### RECORDED DATA

******

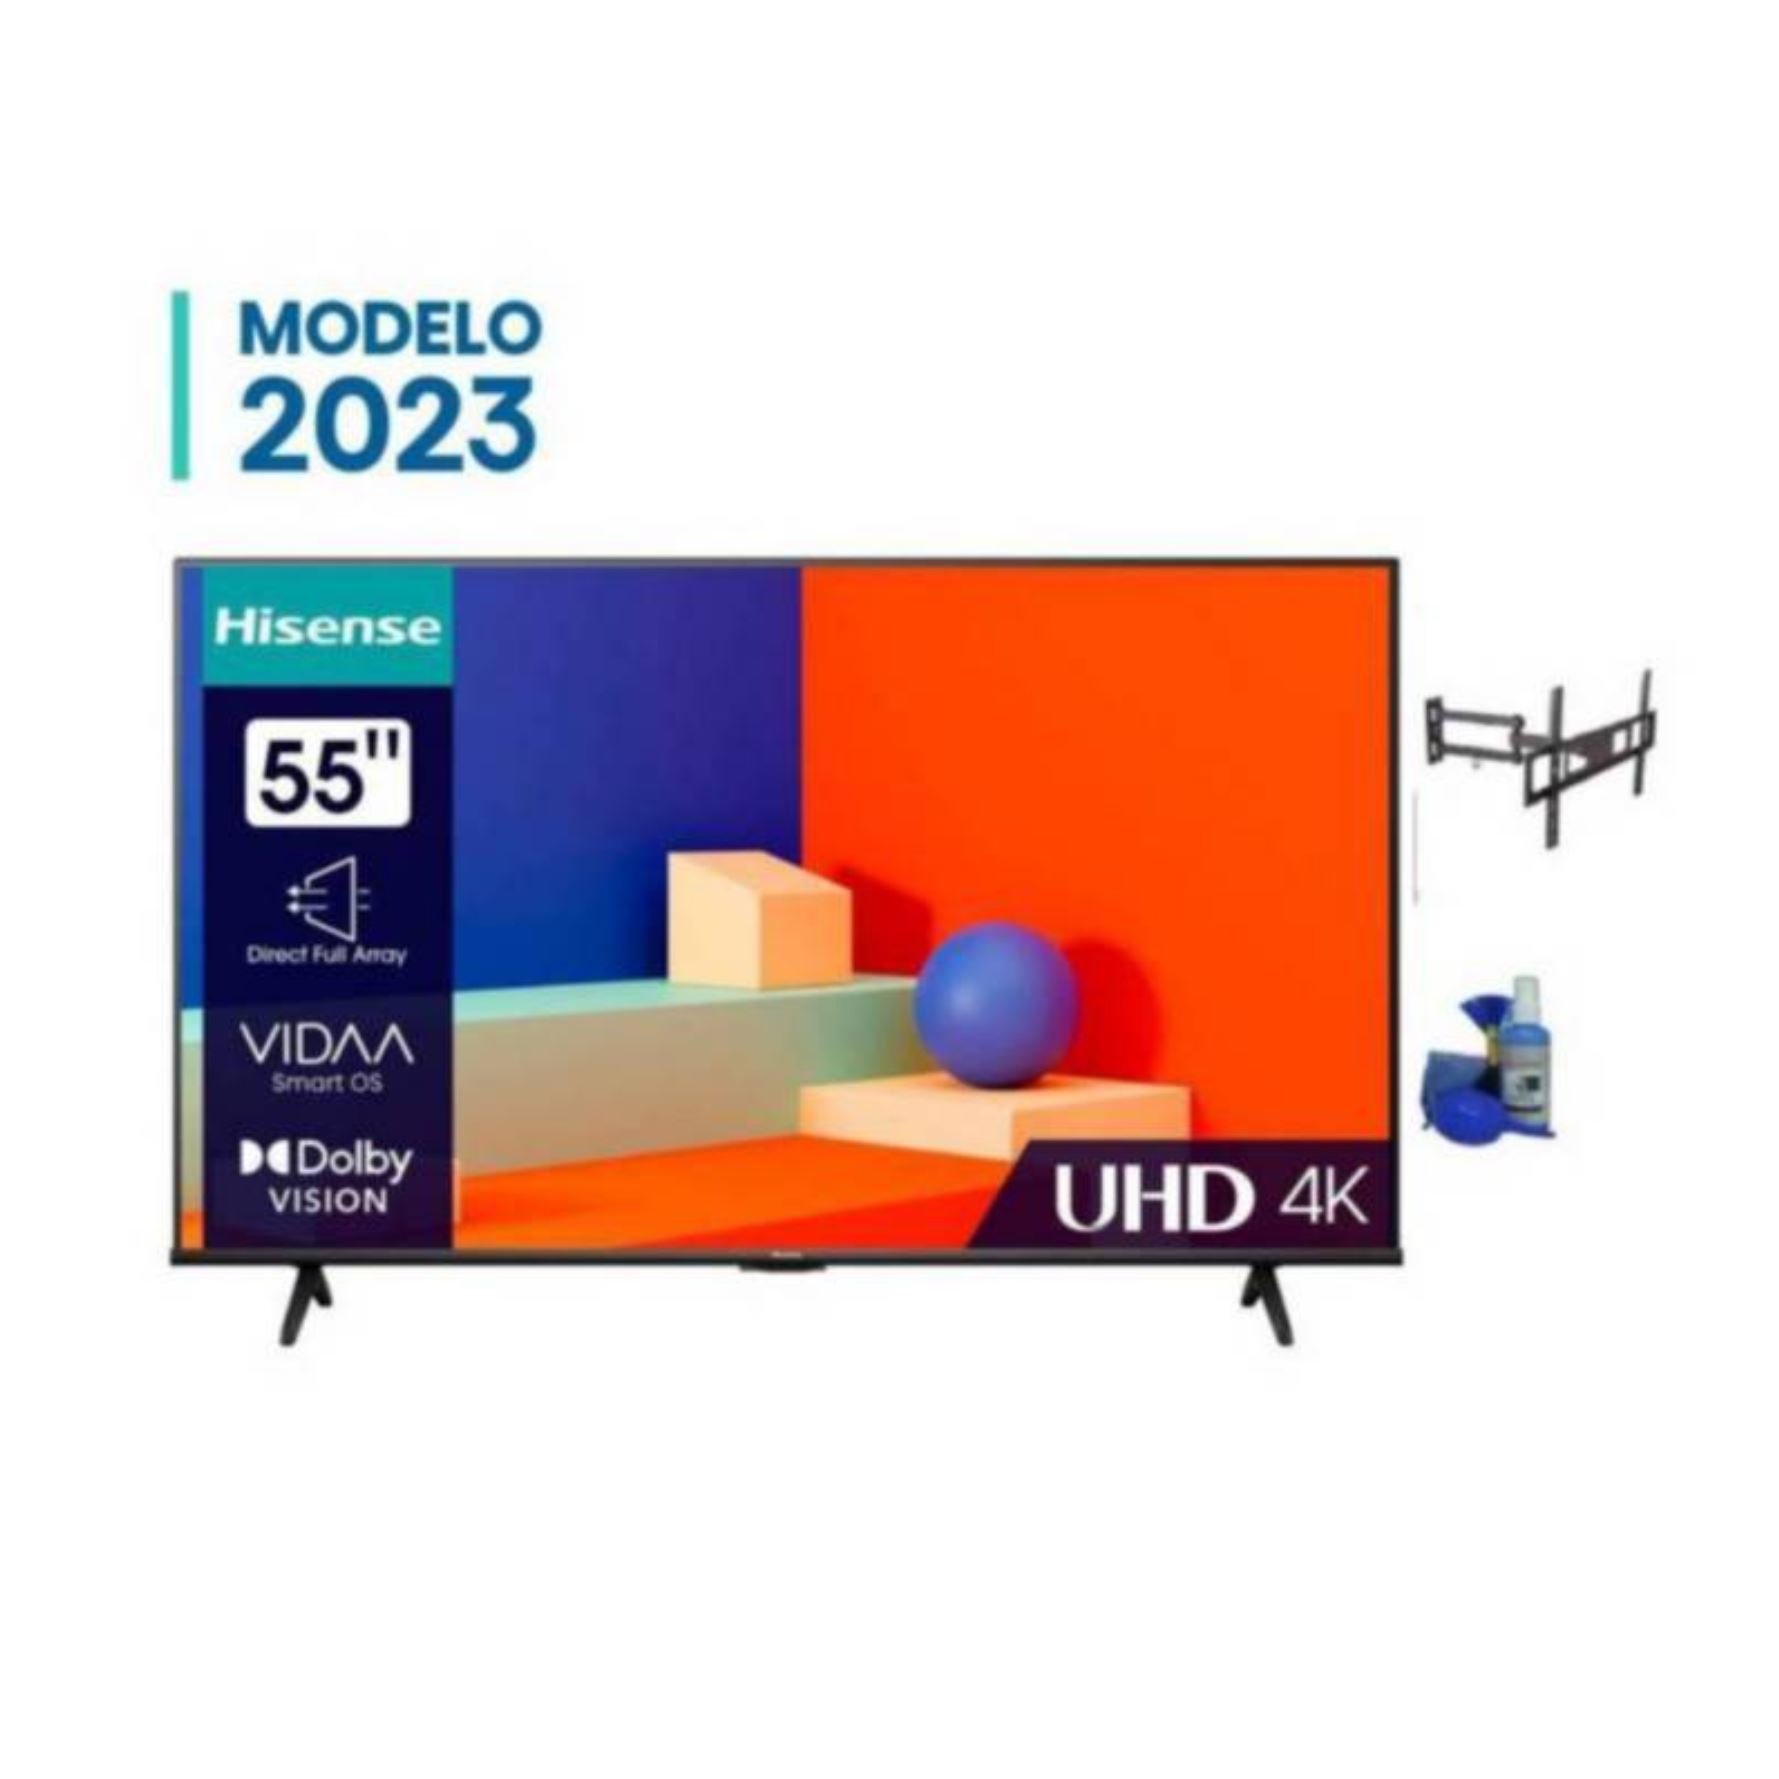 Televisor Hisense 55 55A6K UHD 4K Vidaa Dolby Visión HDR Smart Tv 2023 + Kit y Rack
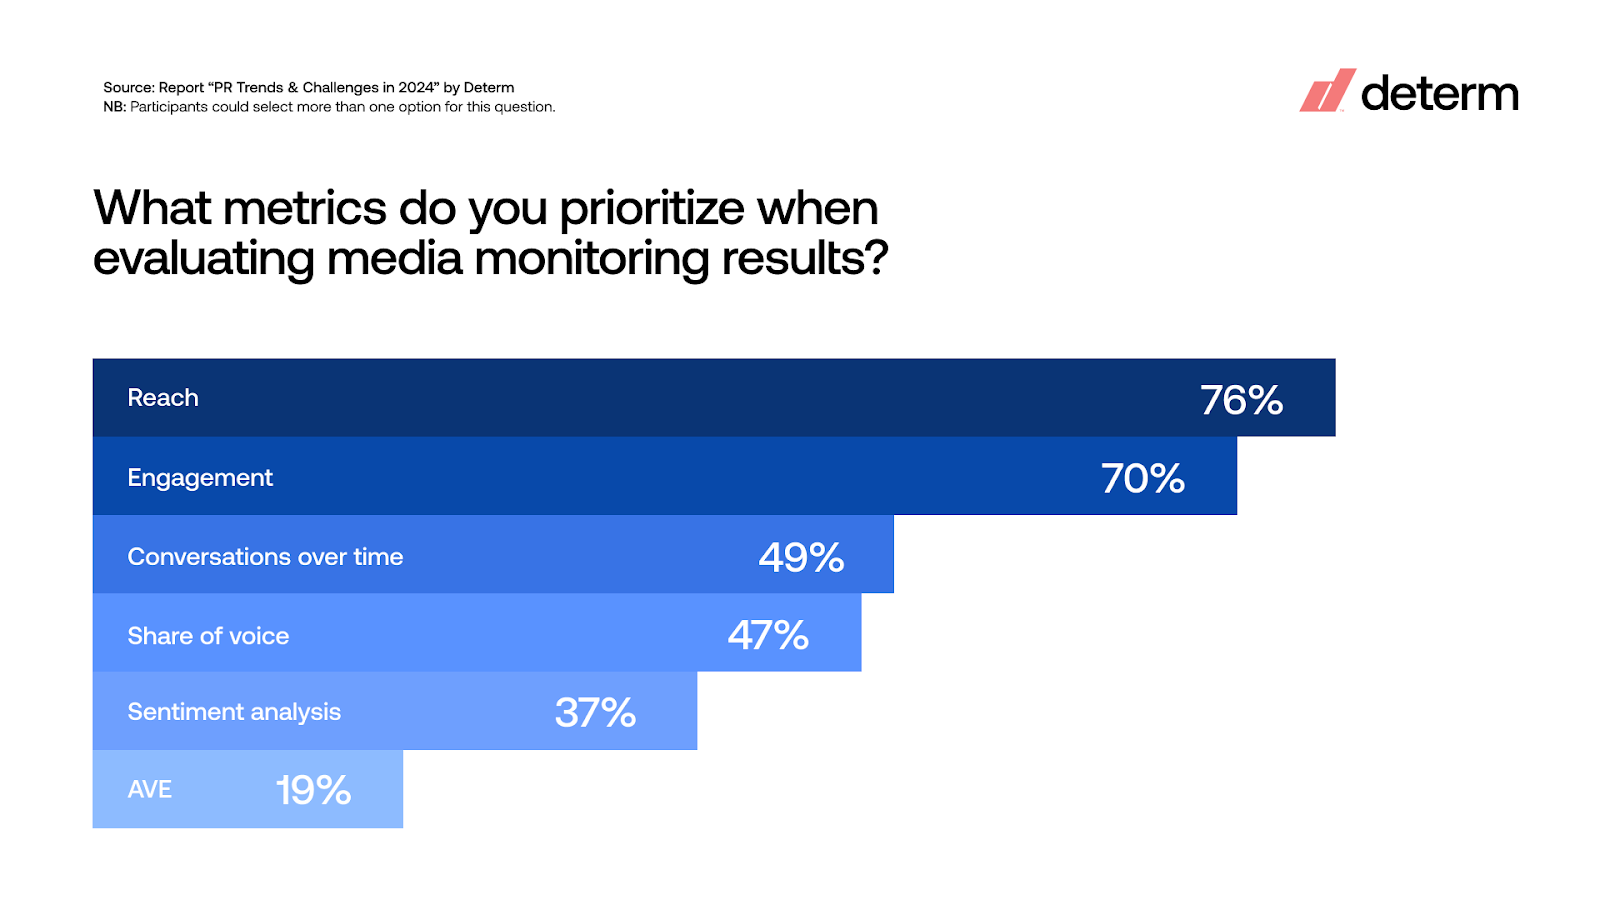 Metrics PR professionals prioritize when evaluating media monitoring results, source: Determ
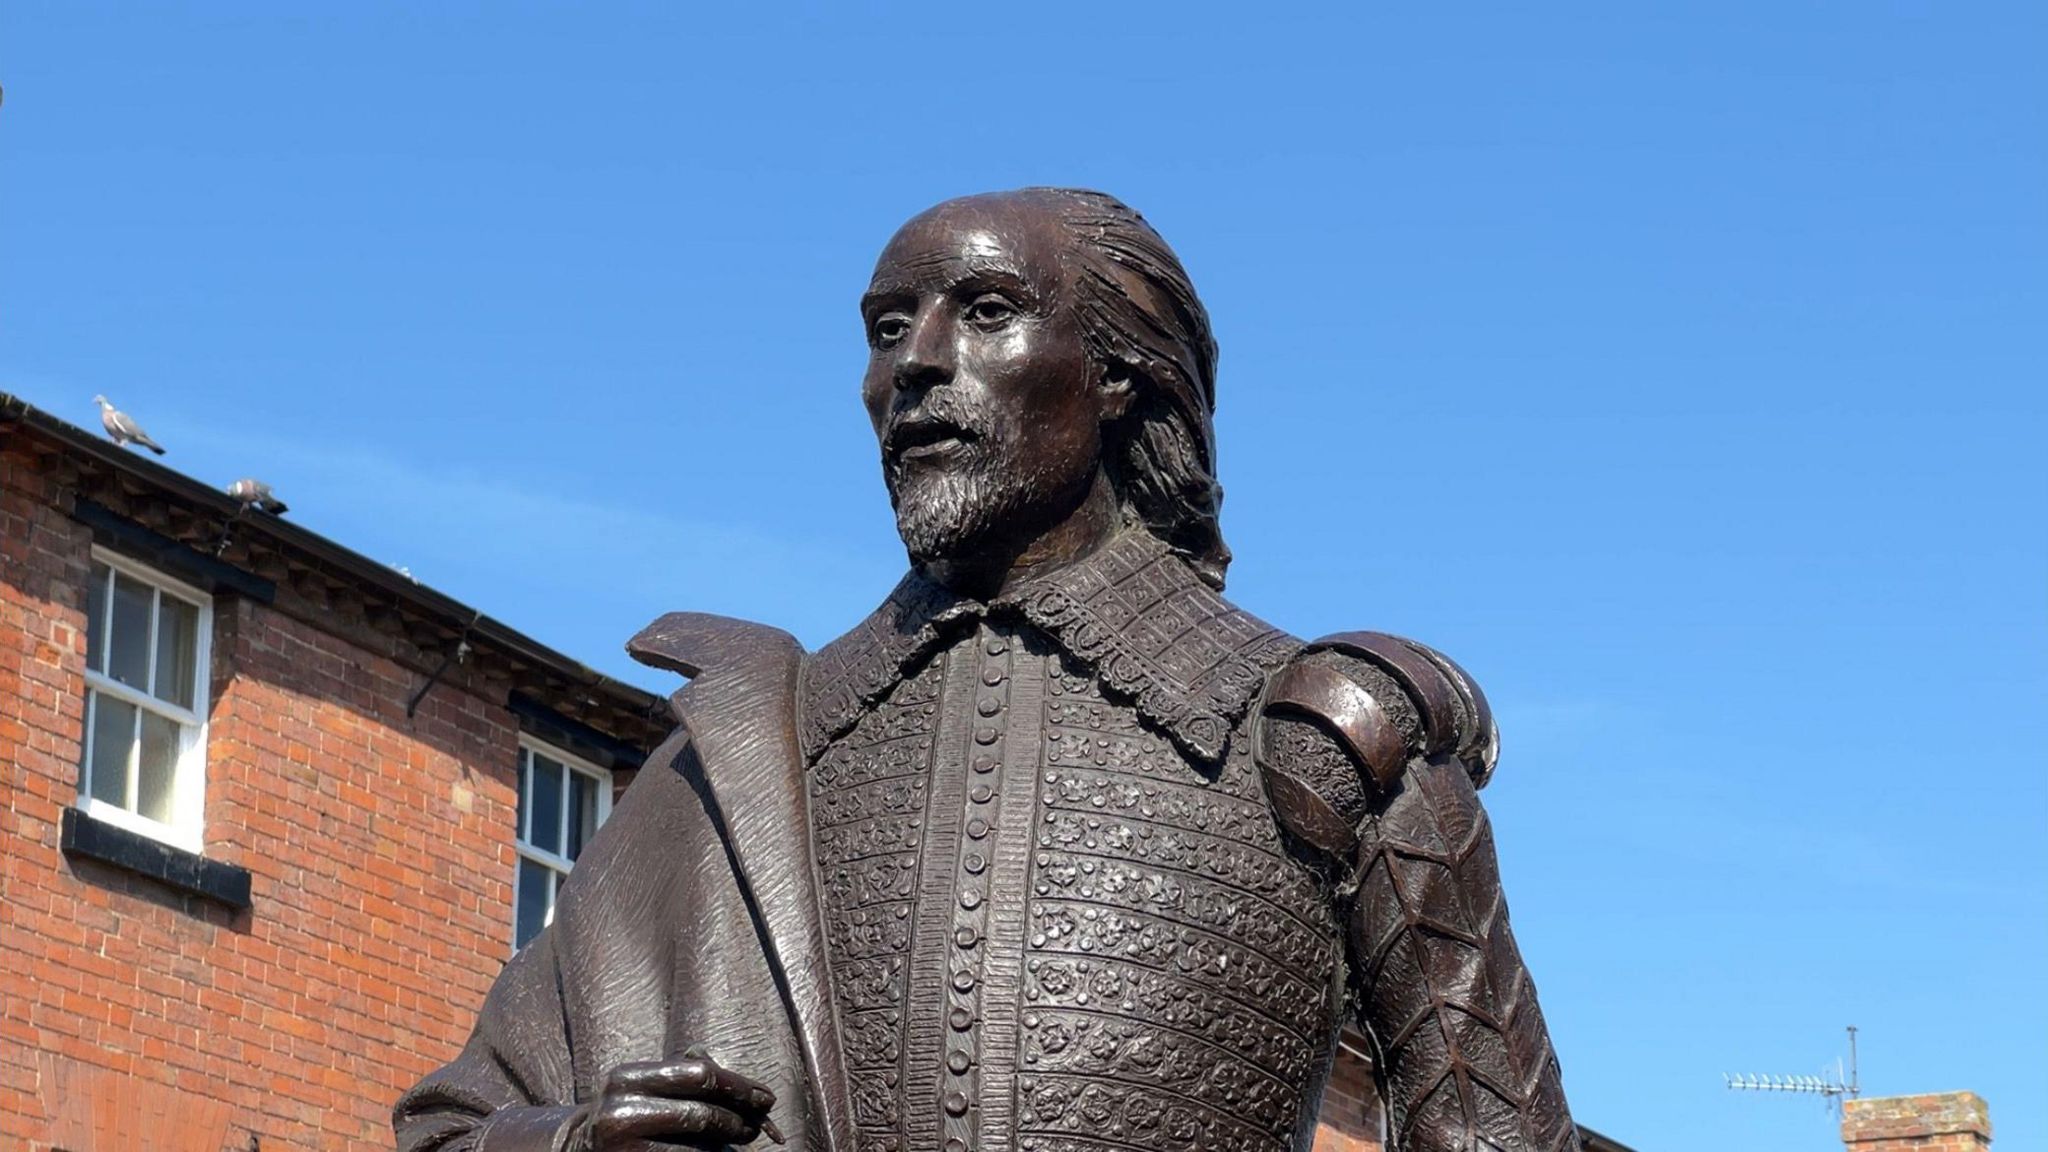 A statue of William Shakespeare
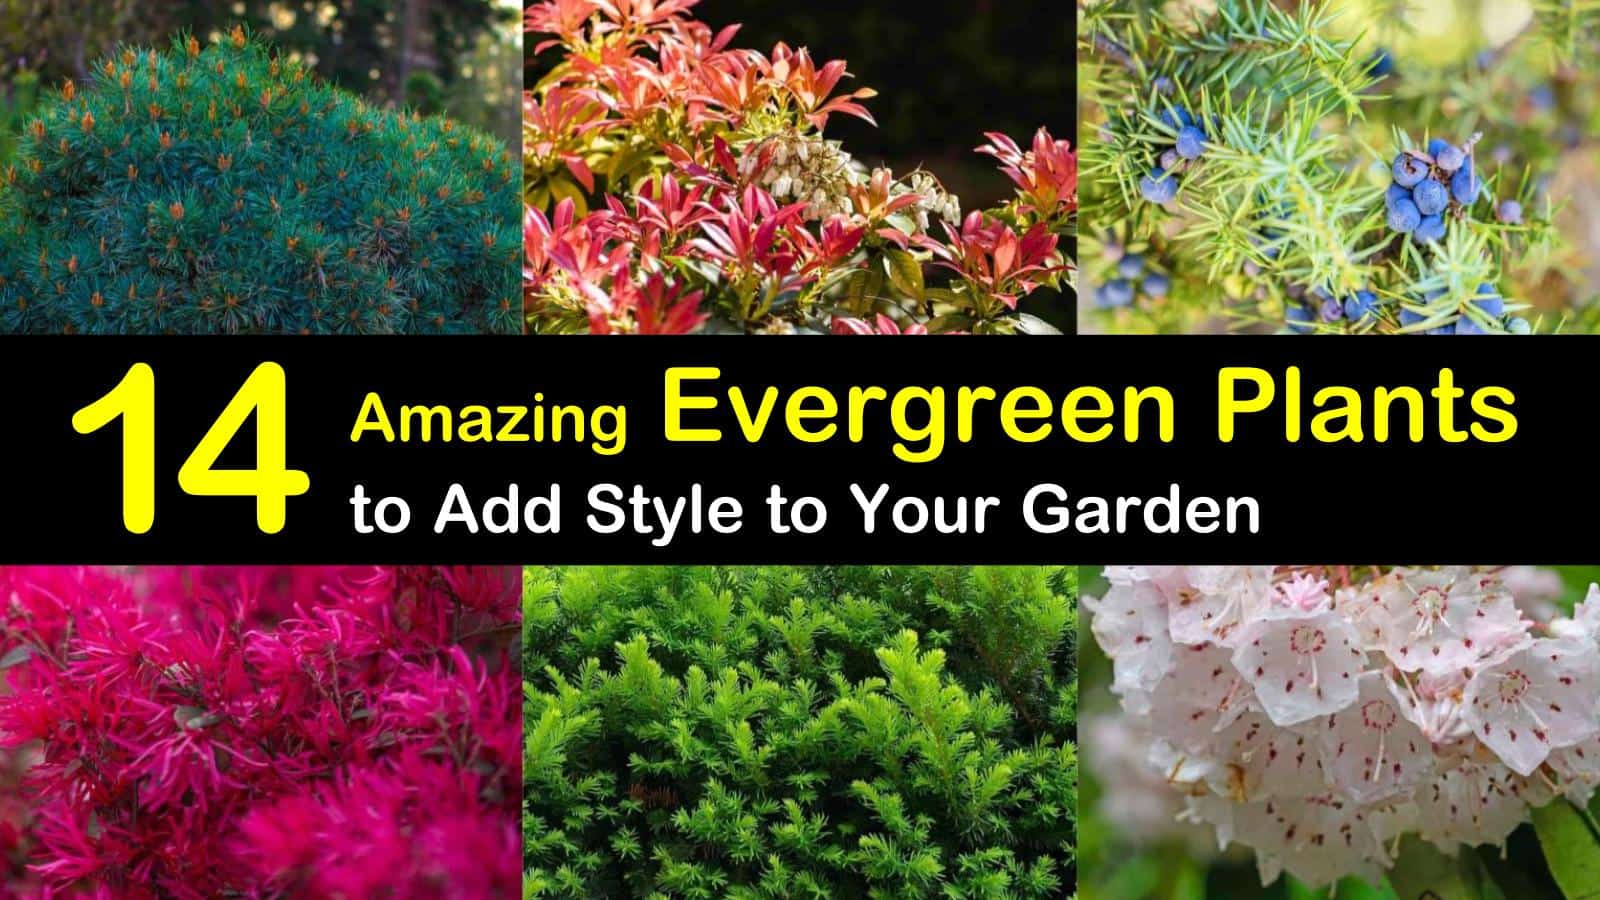 evergreen plants titleimg1

******

### TASK STATEMENT
Apart from the pictures, every line above must be printed exactly.

### RESPONSE
 Televisor Hisense 55 55A6K UHD 4K Vidaa Dolby Visión HDR Smart Tv 2023 + Kit y Rack
 Metrics PR professionals prioritize when evaluating media monitoring results, source: Determ
 A statue of William Shakespeare
 evergreen plants titleimg1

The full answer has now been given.